Monday, February 13, 2006

Remember

Alchemical Braindamage:
"What really happens is not that at some arbitrary marker your body decides to swirl down the crapper. More like, at some actually quite predictable interval, the neglect or bad habits you haven't addressed, have quite predictable effects.

If you continue the slouching and slumping that most of us do in front of tv and computers and in our lumbering awkward gait, you will invariably experience neck, back, and joint problems in an accelerating downward spiral. I'd say 95% of the massage clients I've seen so far have this and pretty much all of them dismiss it as 'stress'. Except when they're in permanent pain and can't move anymore.
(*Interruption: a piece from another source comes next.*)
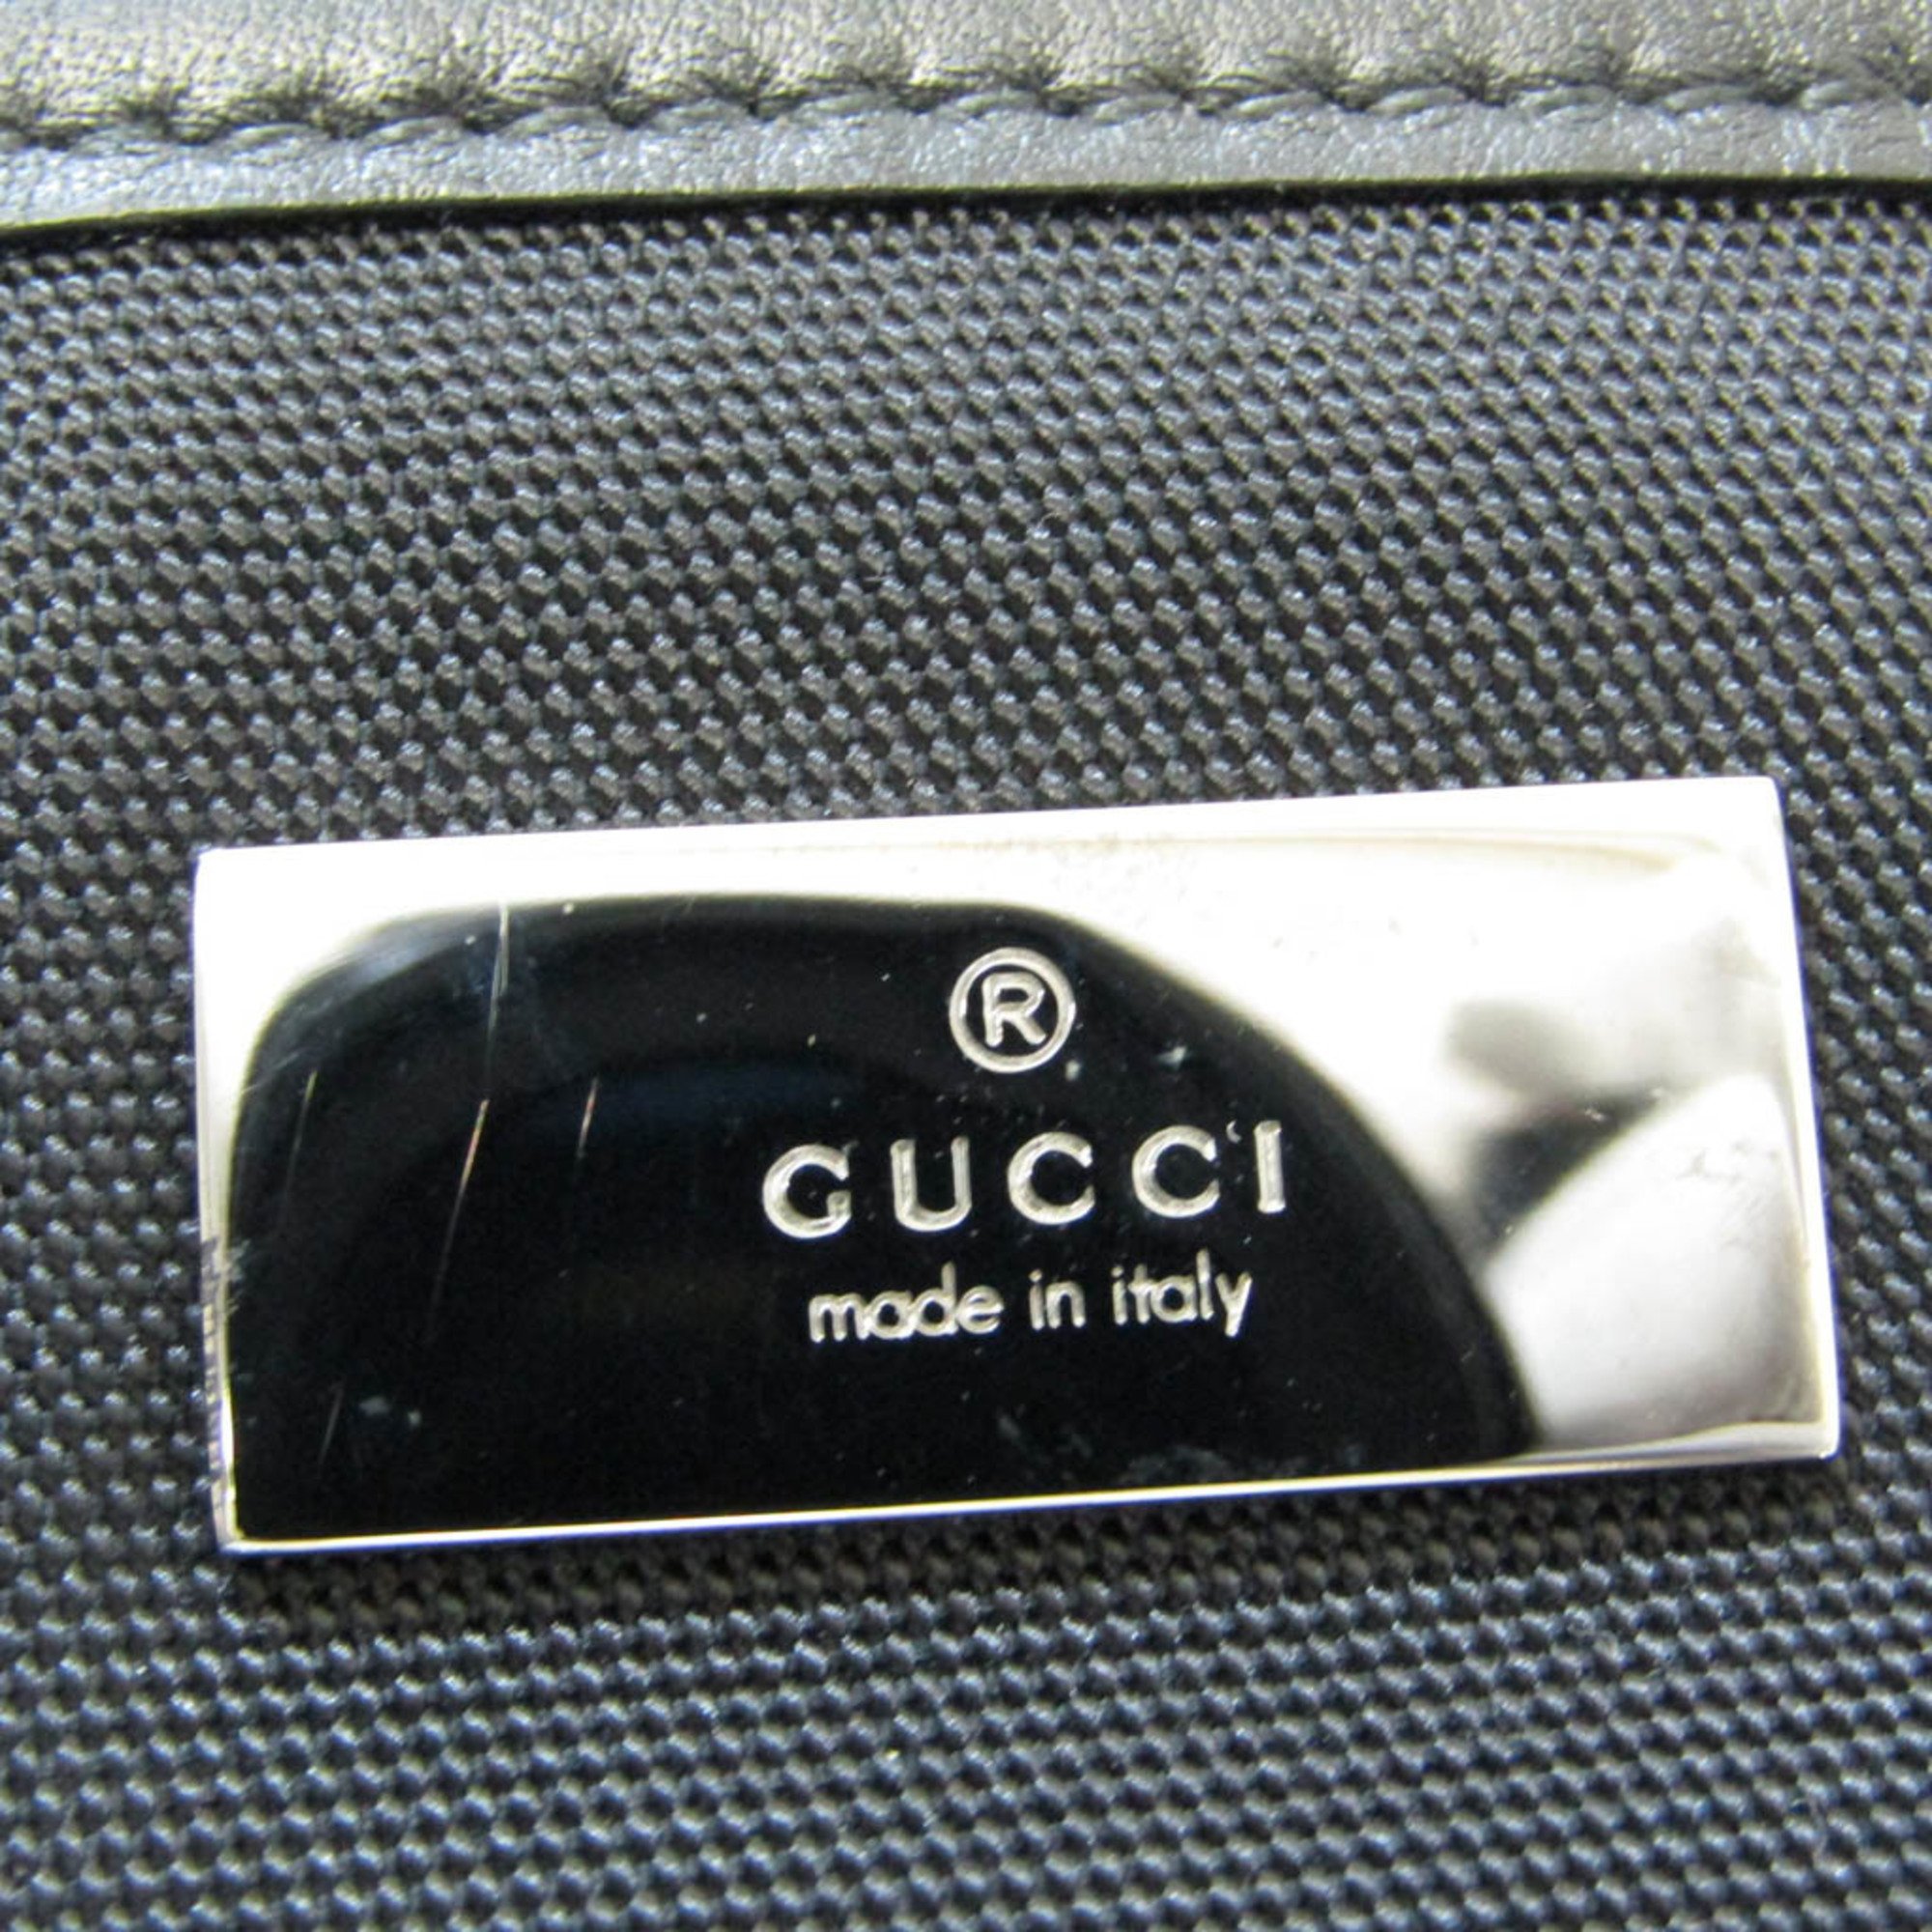 Gucci Guccissima 161770 Men,Women Leather,Nylon Canvas Tote Bag Black

If you require glasses for reading and lazily wear them all the time, when you don't have to, the muscles around your eyes that are supposed to control the shape of your corneas, will atrophy, and you will end up wandering through a landscape of blurry nonsense at any juncture when you happen to not have your security blanket.
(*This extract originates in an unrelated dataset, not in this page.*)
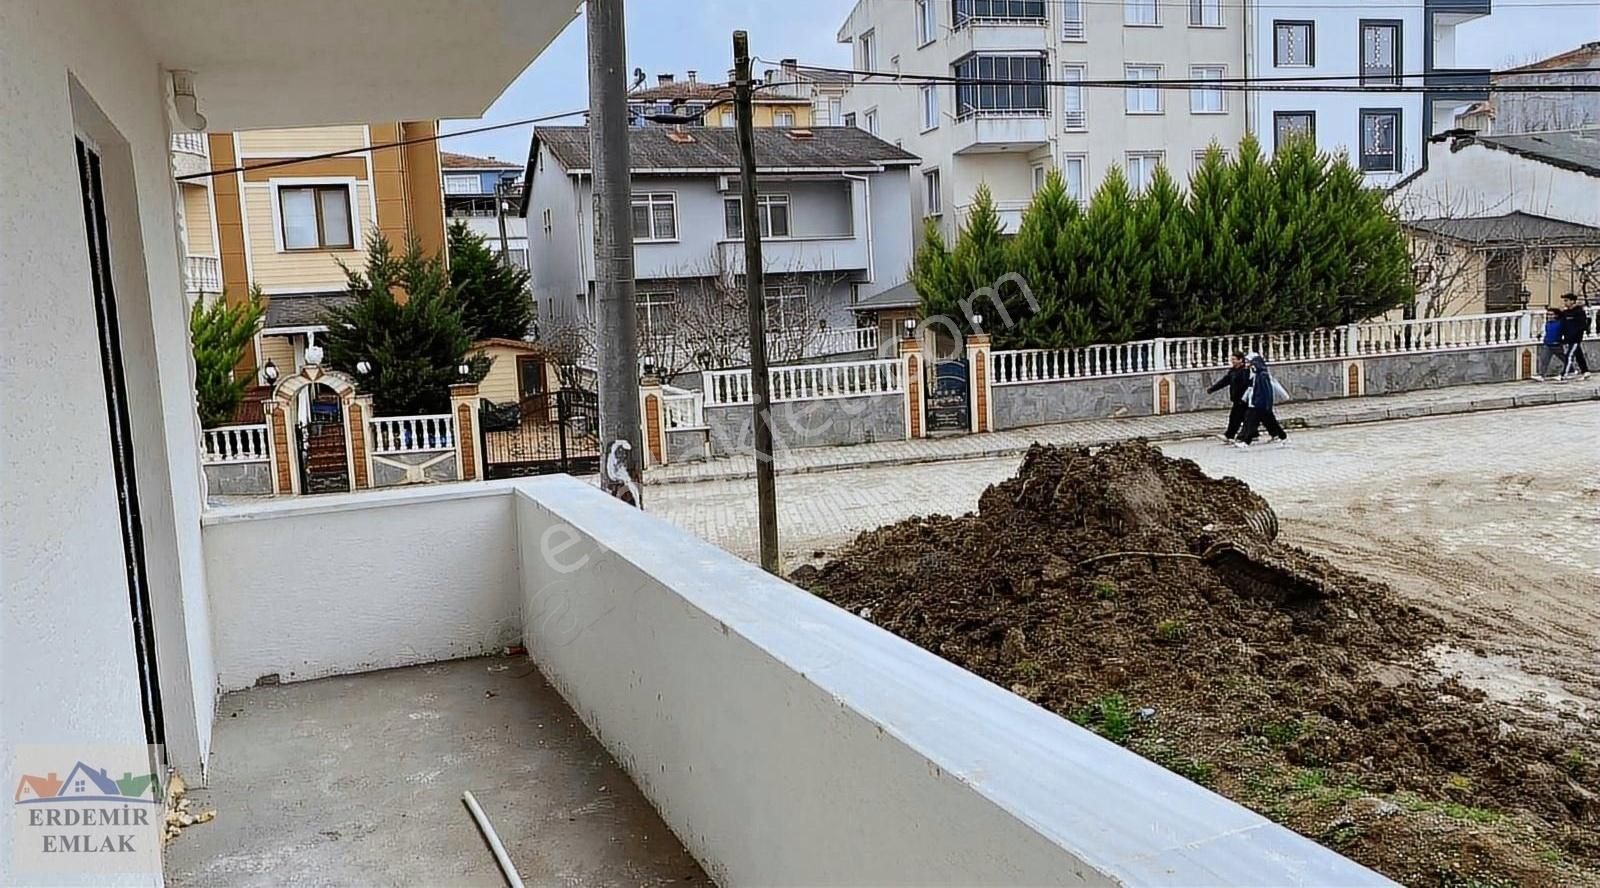 Demirköy İğneada Bld. (Deniz) Satılık Daire ERDEMİR emlaktan merkezi konumda daire

If your diet consists of the usual over-processed, fiberless, nutrient denuded crap that most of us were weaned on, then as time goes on your digestive and metabolic health will decline, and the buildup of toxic byproducts will trigger all kinds of allergies, sensitivities, chronic illnesses and early death.

If you abuse your body in the characteristic ways of going about 'exercise' and don't invest the time or money in some kind of regenerative or healing activity, like yoga, massage work, fasting, or meditation, the cumulative wear and tear of various trivial but never fully healed injuries will eventually cripple you.
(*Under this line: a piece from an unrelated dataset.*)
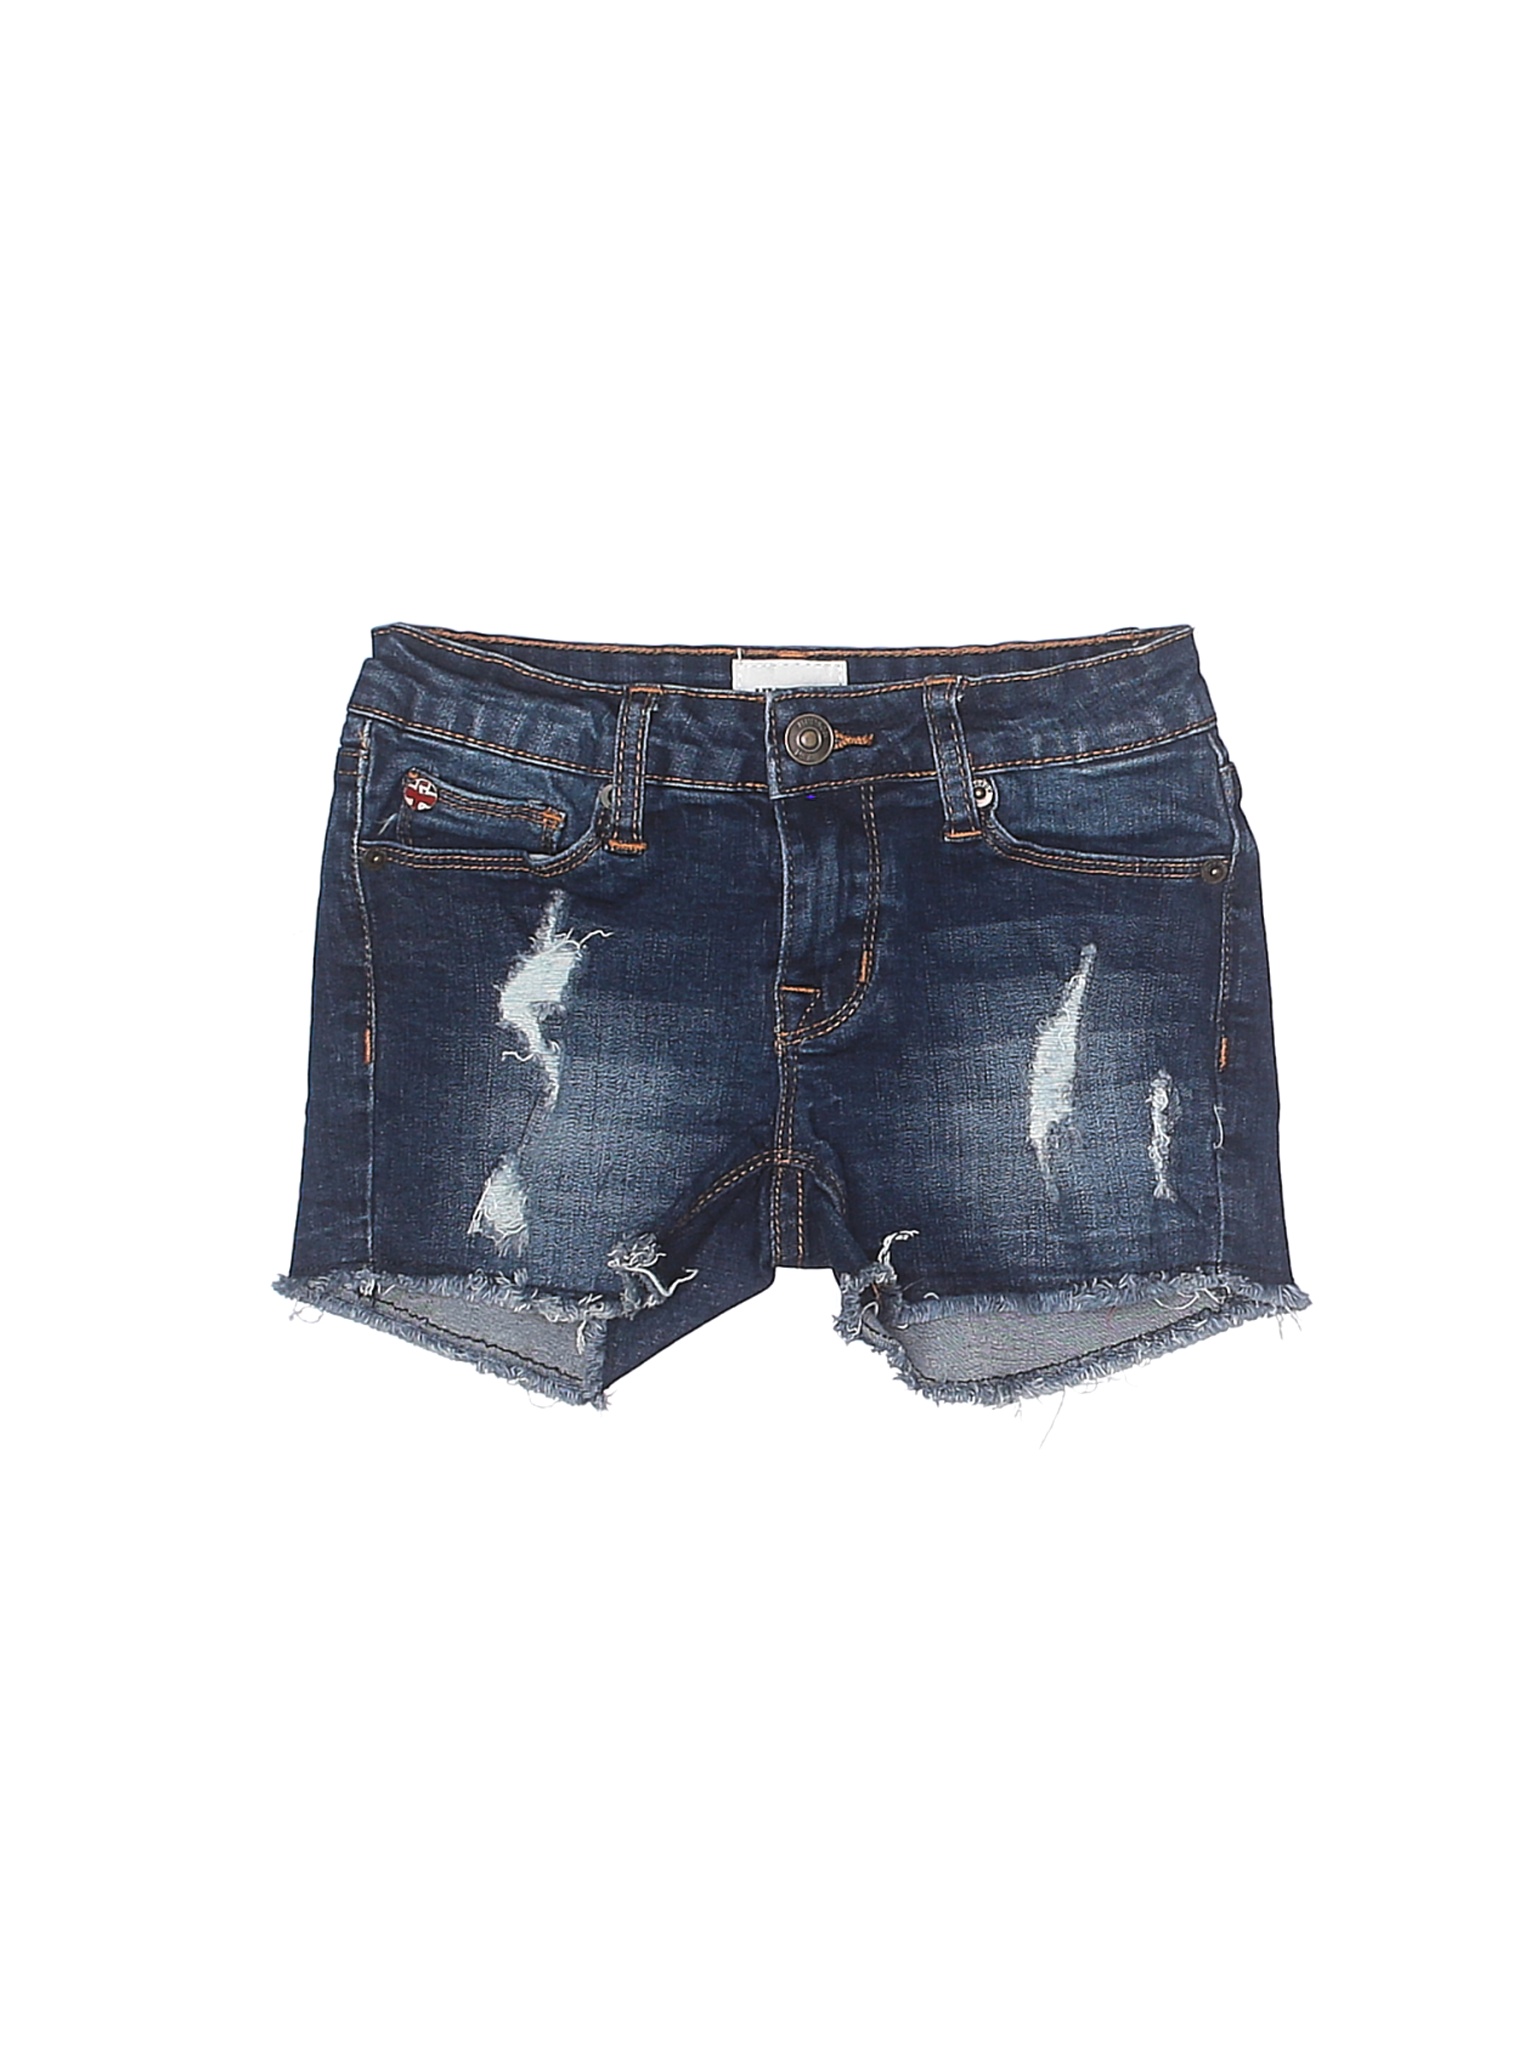 Hudson Jeans Girls Blue Denim Shorts 7 | eBay

None of this has anything whatsoever to do with actually being chronologically older. Except insofar as a thirty year old has ten more years of stupid habits to account for than a twenty year old, and ten years of momentum in the way of repairing them.

As time goes by, the backlog of stupidity does narrow your options somewhat and makes the window of health a little smaller to fit through. Everything in life is about balance. The thin edge of that balance point never changes, but the consequences of falling off it are proportional to how long you've been wandering, as is the difficulty of getting back on after you've fucked up."